**COLLECTED MATERIAL**
□ □ □ □ □ □ □

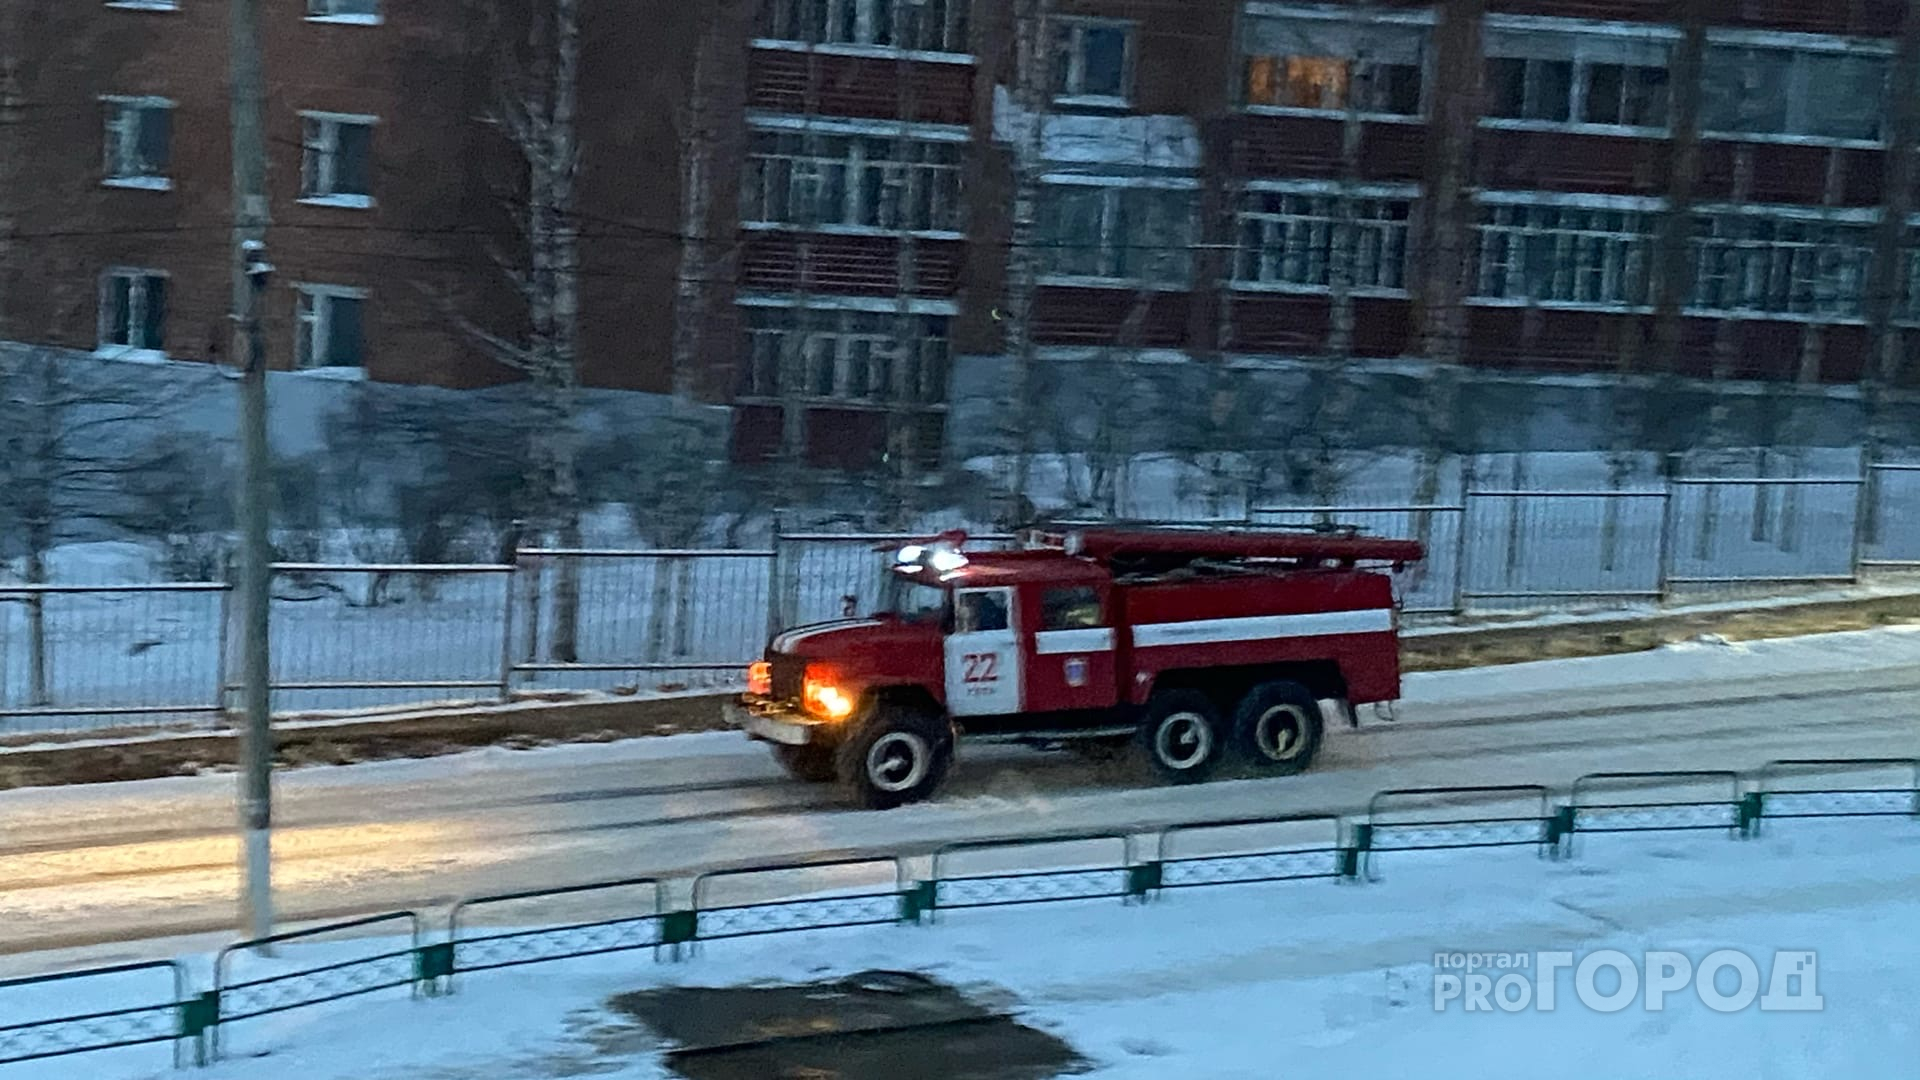 Пожар в новогоднюю ночь: ухтинские огнеборцы спасли из горящего дома 13 человек
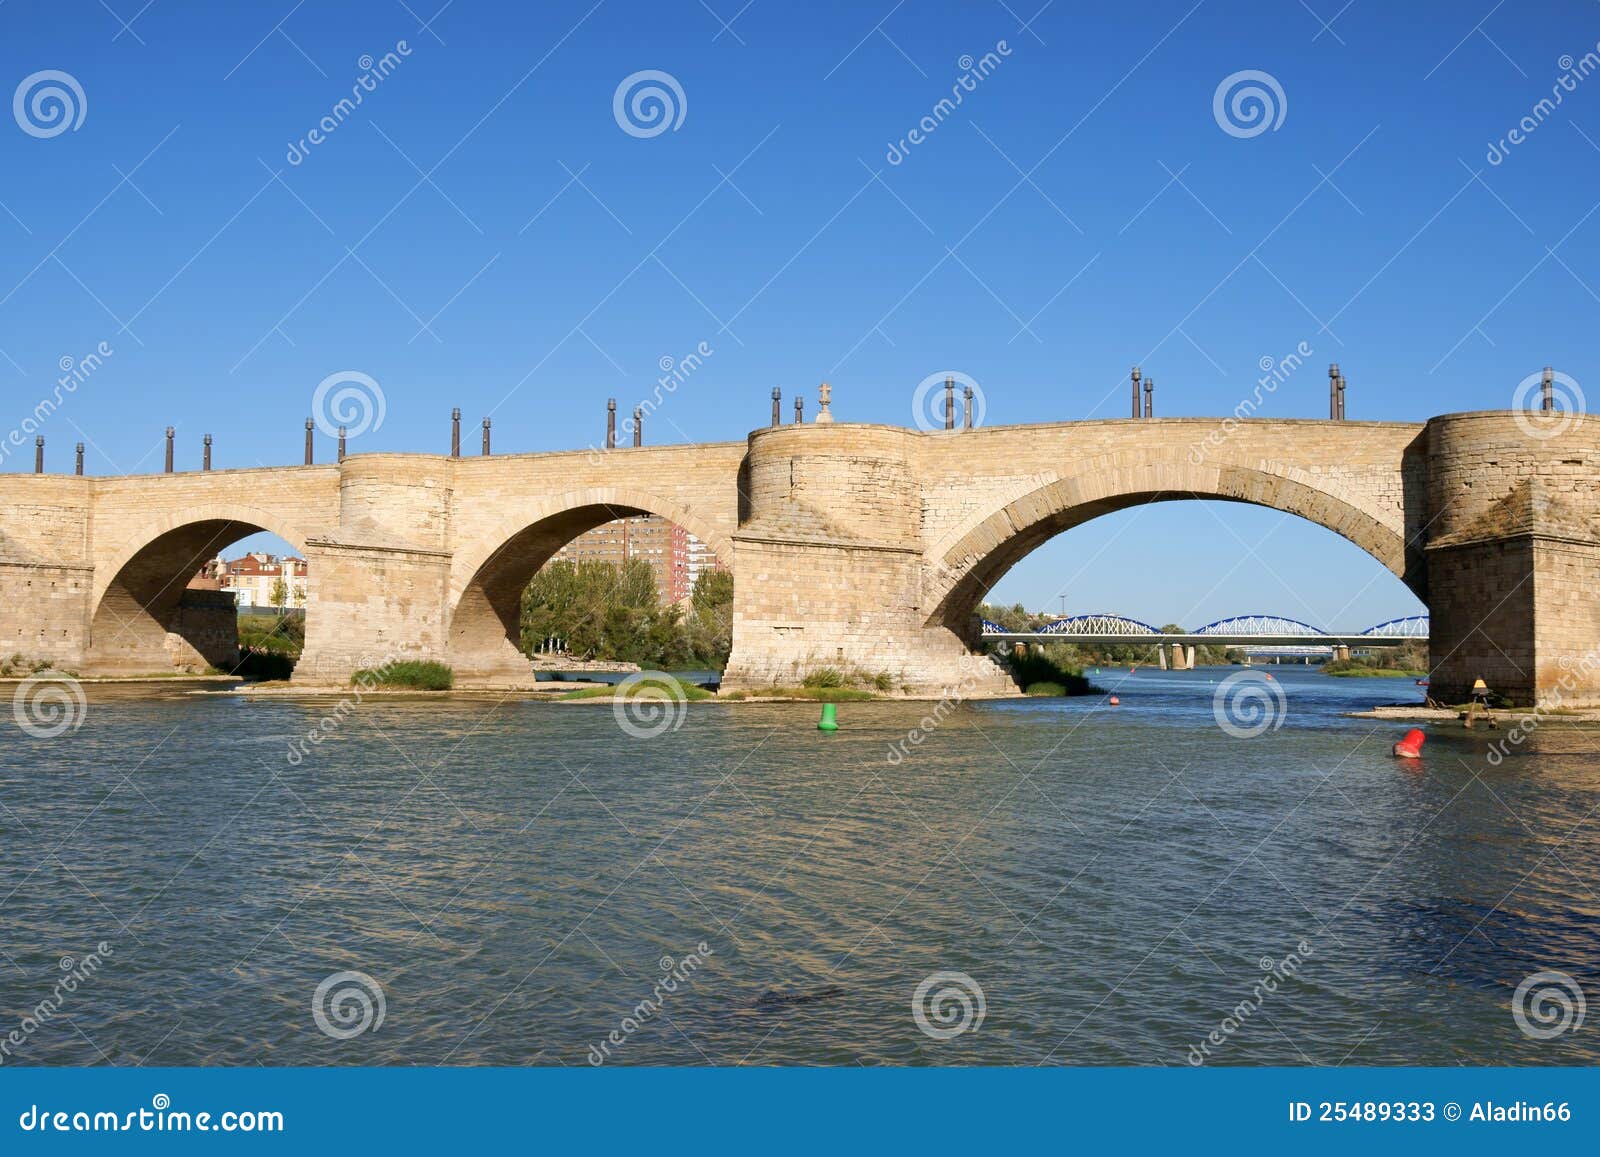 stone bridge (puente de piedra) in zaragoza
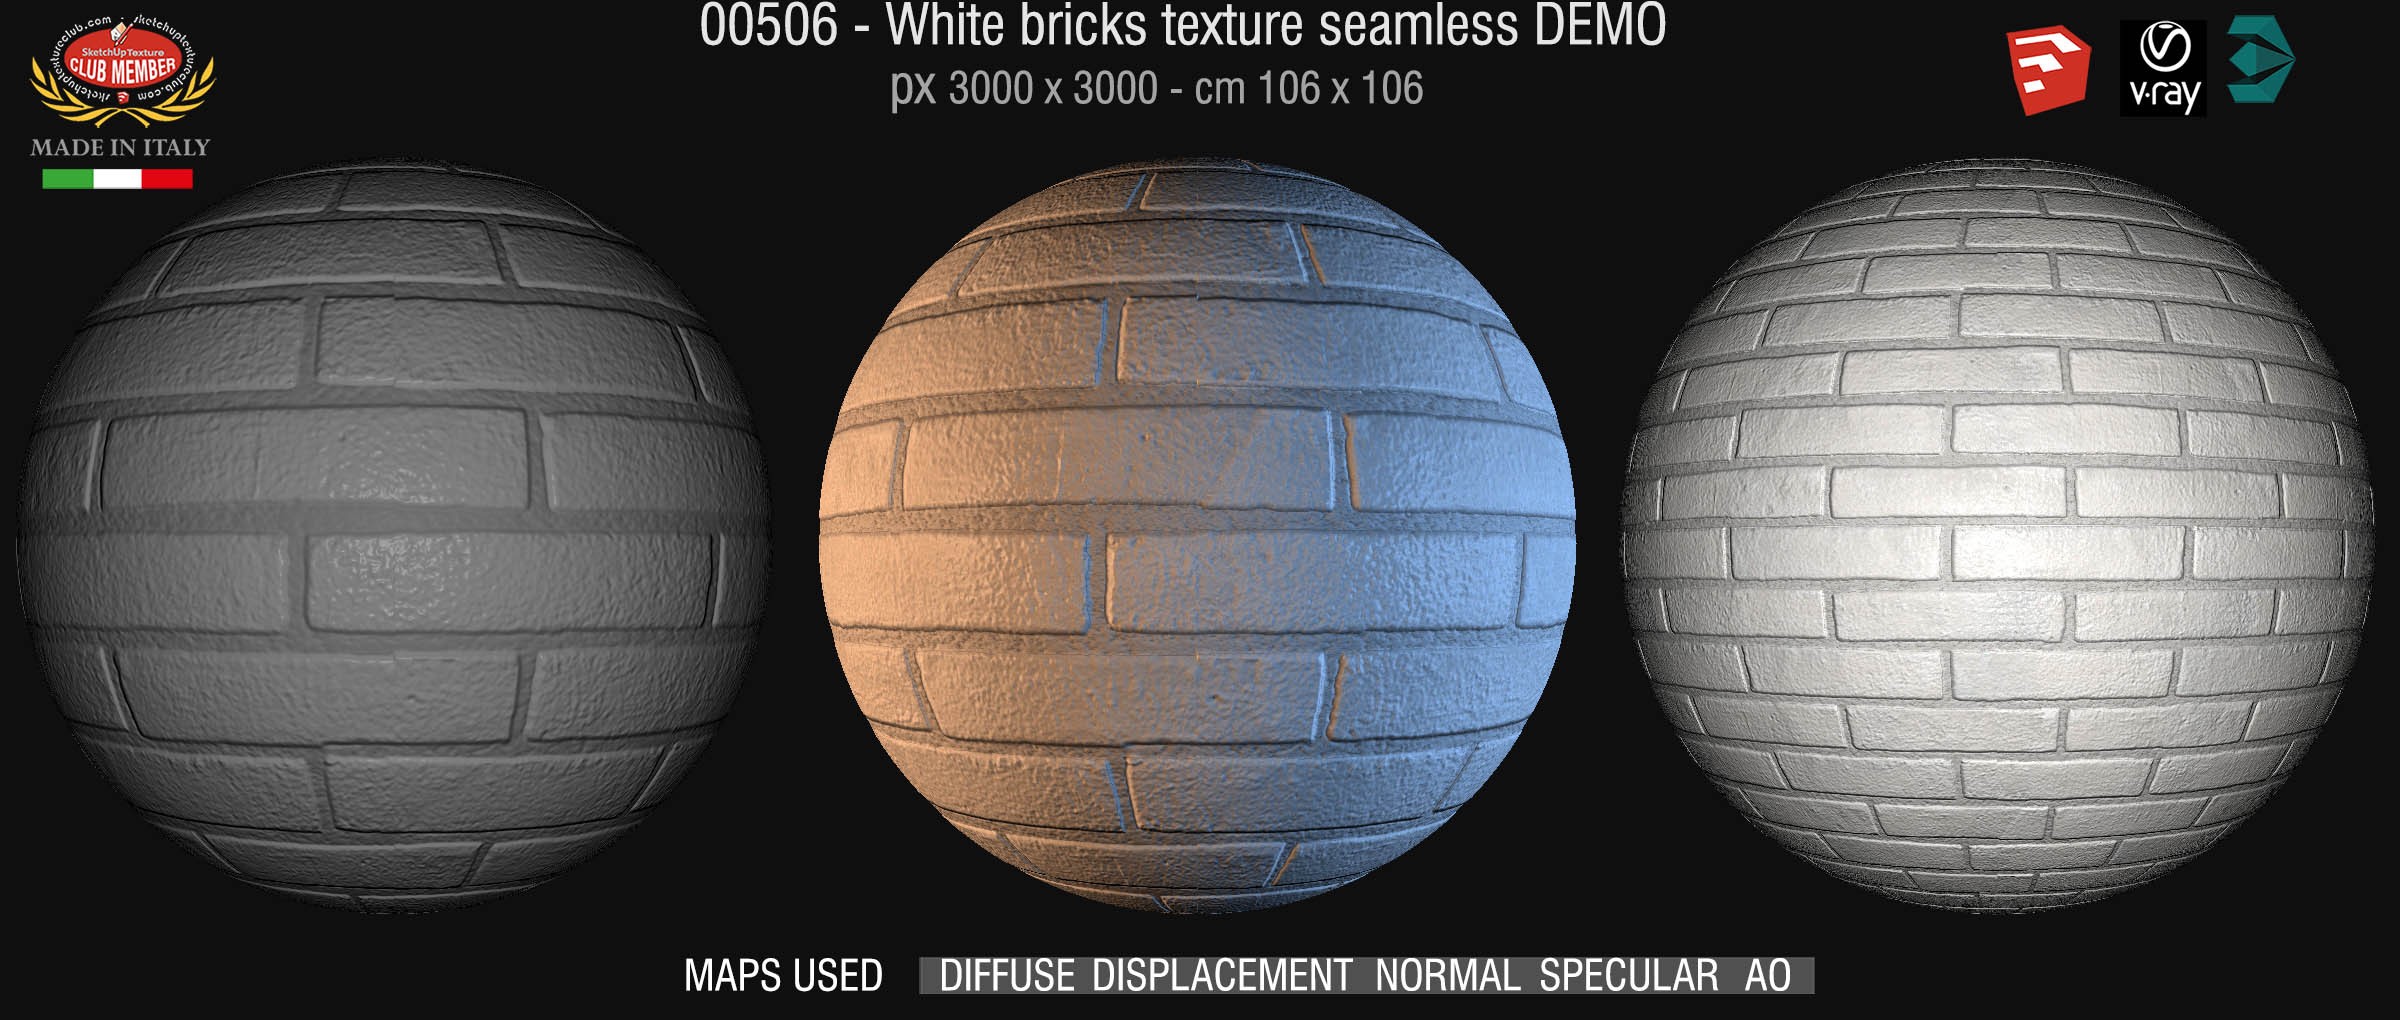 00506 White bricks texture seamless + maps DEMO

□ □ □ □ □ □ □

**AIM OF THE EXERCISE**
Please reproduce the whole listing exactly; the pictures stay out.

**ANSWER BOX**
 Пожар в новогоднюю ночь: ухтинские огнеборцы спасли из горящего дома 13 человек
 stone bridge (puente de piedra) in zaragoza
 00506 White bricks texture seamless + maps DEMO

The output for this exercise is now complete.